Children may have difficulty fully emptying their bladder and may be contracting the muscles that need to relax during urination. This leads to less emptying with occasional leaking.

  • Urinary urgency: 

Child may feel like they need to use the restroom frequently and without much warning.

  • Voiding postponement: 

Often associated with a low number of voids per day. A typical child voids 4-5 times a day. This can be related to low awareness of need to void as well as purposeful withholding.

  • Stress incontinence: 

This occurs when a small amount of urine leaks with exertion such as with playground activities. 

  • Giggle incontinence: 

A complete void occurs during or immediately after laughing with normal bladder function when not laughing.
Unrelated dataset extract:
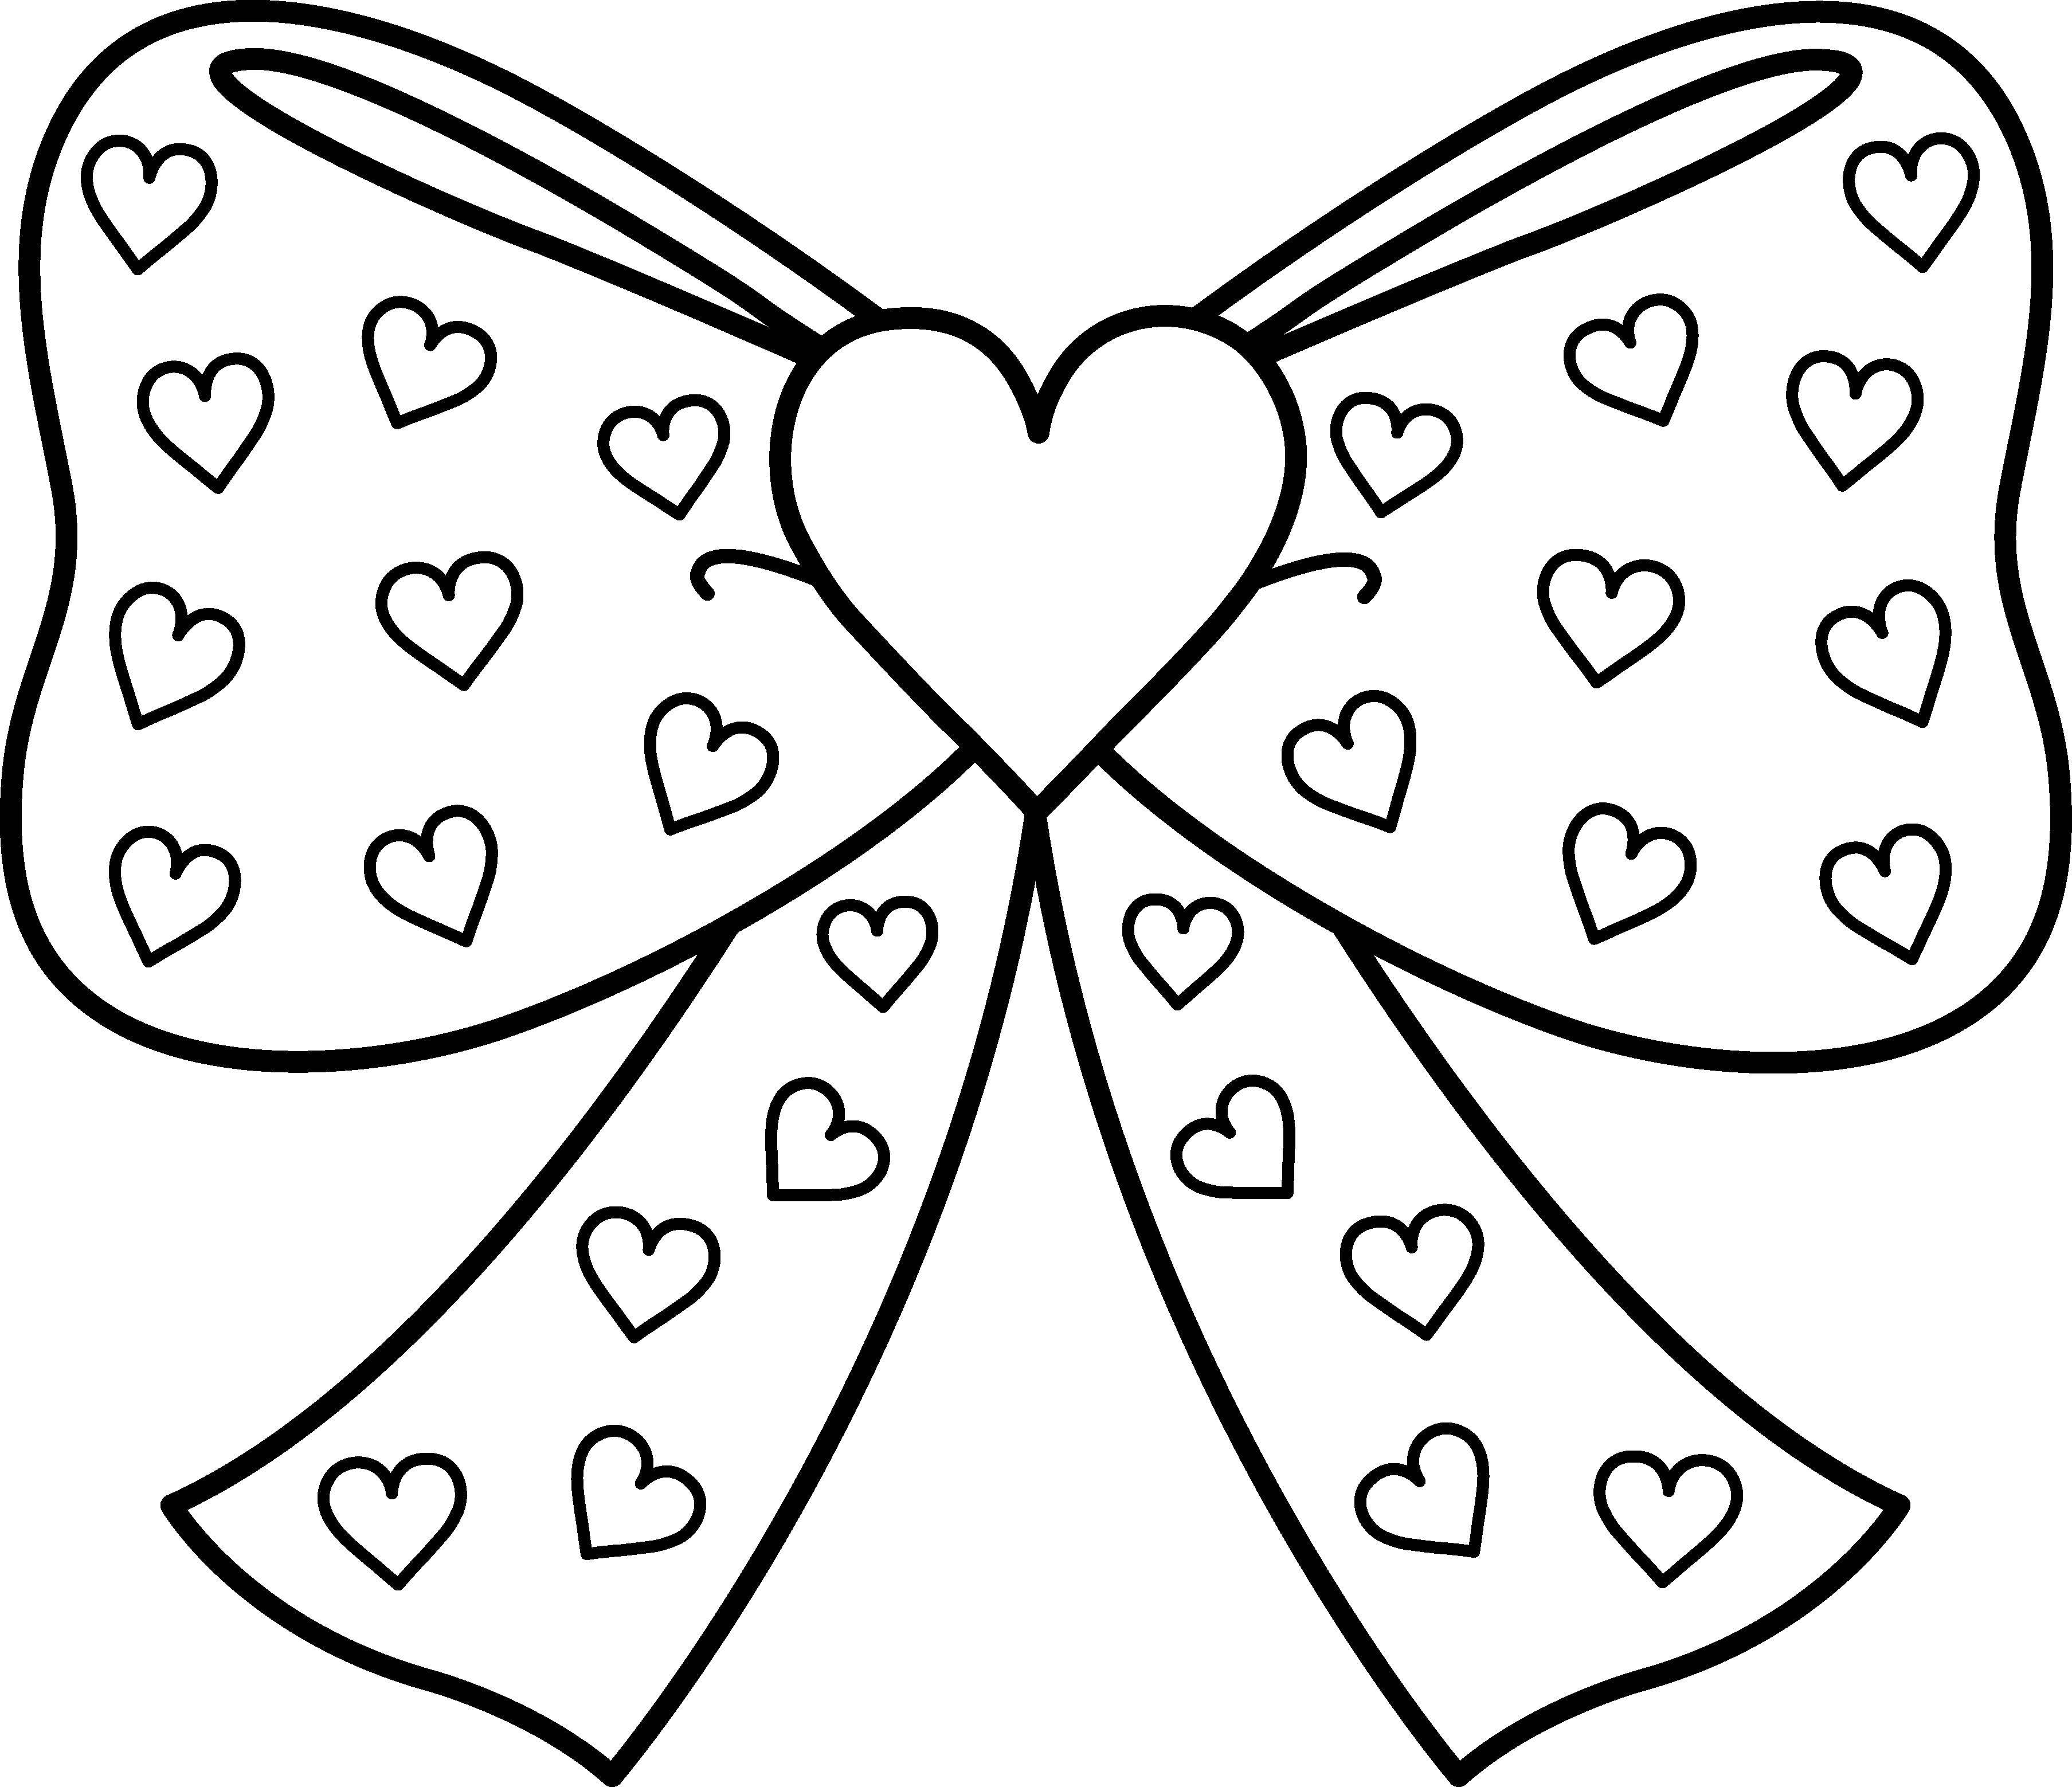 Coloring Bow. Category I love you. Tags:  heart, bow, love.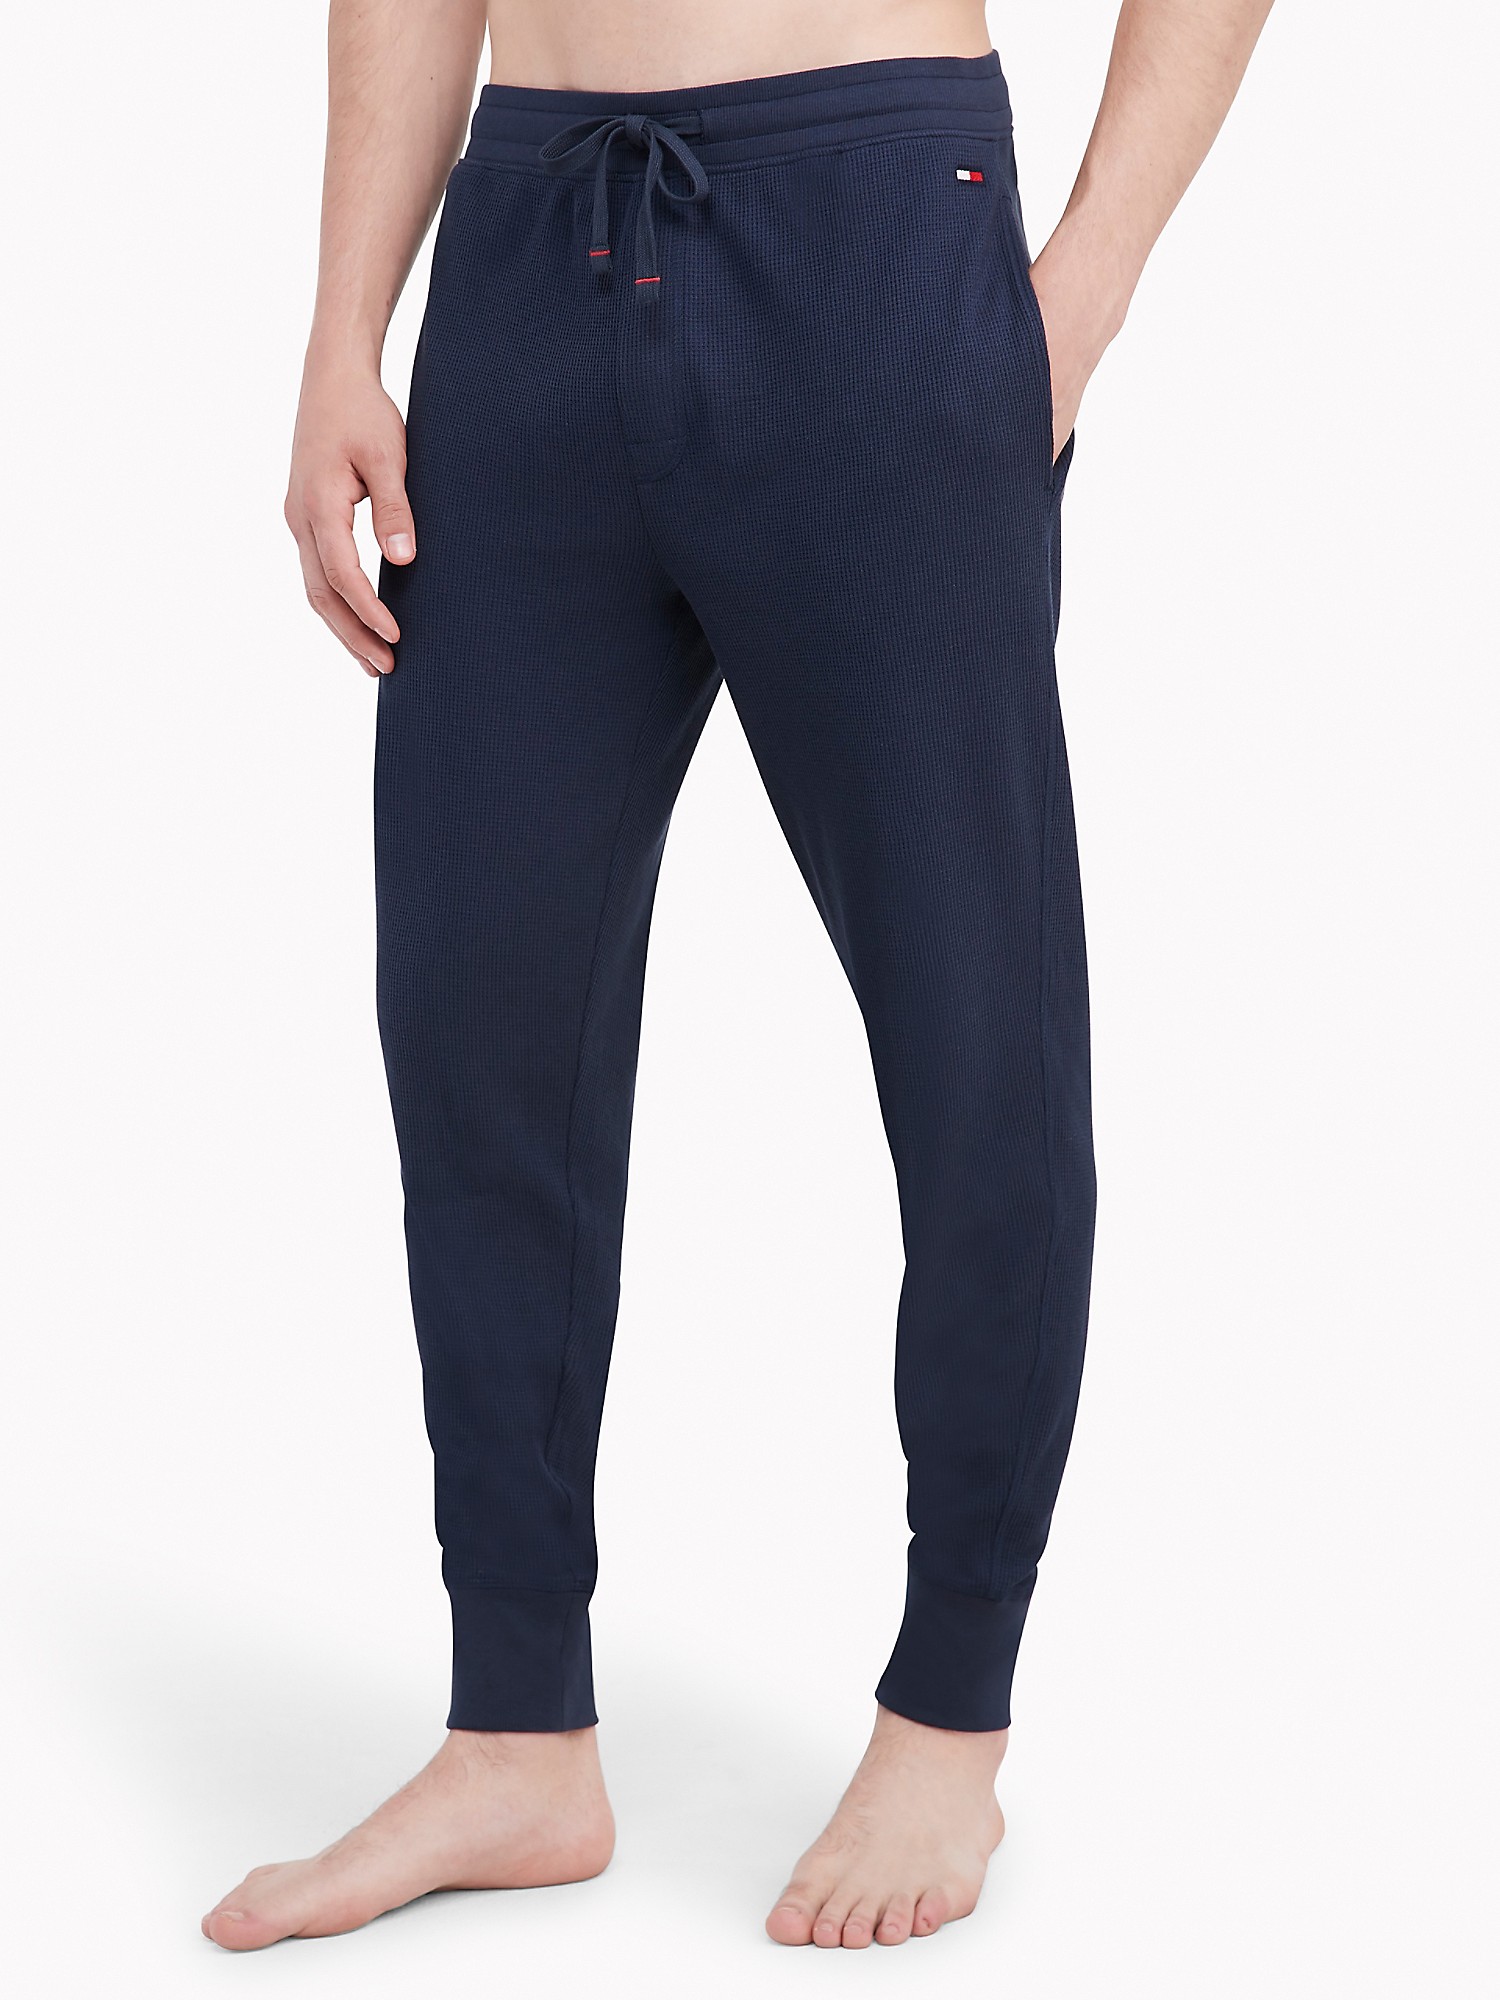 TOMMY HILFIGER: Men’s Thermal Waffle Joggers $10

What does a treatment session look like?

Physical or occupational therapists with pediatric incontinence training will meet with the child and their parent(s) and/or guardian to get a history of the current concerns. A physical examination is then completed to look at the muscles of the abdomen, legs, and back. The parent or guardian is present throughout the exam and the exam occurs over clothing. The findings of the exam are then sent to the referring physician to determine the most appropriate treatment plan for that child. Treatment sessions are one therapist to one child. They occur in a private treatment room with the children dressed and caregiver present. Our therapists incorporate a holistic approach that includes diet, sleep patterns, and other behavioral conditions that could be impacting the child’s continence. Our multidisciplinary team is able to collaborate to determine the best strategies for each child. These strategies may include:

  • Core strengthening
  • Biofeedback
  • Bladder re-training
  • Behavior and diet strategies
  • Body awareness to help realize the urge to go
  • Posture training
  • Sensory strategies to assist with tolerance for public bathrooms and toileting
  • Review of bathroom setup
  • Bowel and bladder logs
  • Increasing variety of foods and limiting bladder irritants
  • Modified O’Regan Protocol

What is biofeedback?

Biofeedback is a little machine that helps children learn to relax and contract their muscles that help them use the bathroom more efficiently. Little stickers are attached to their muscles and give feedback to a computer. This feedback is connected to a game that responds to the child’s relaxation or contraction of specific muscles. Biofeedback is commonly used for pediatric incontinence, but can also be used for body awareness to help strengthen specific muscles. Biofeedback sessions occur in a private treatment room with an adult caregiver present. 

Modified O’Regan Protocol (M.O.P.)

We have a M.O.P. ( Modified O’Regan Protocol) specialist, Andrea Turnell, PT, DPT, on staff that can support your child’s M.O.P journey and assist in interpreting your process!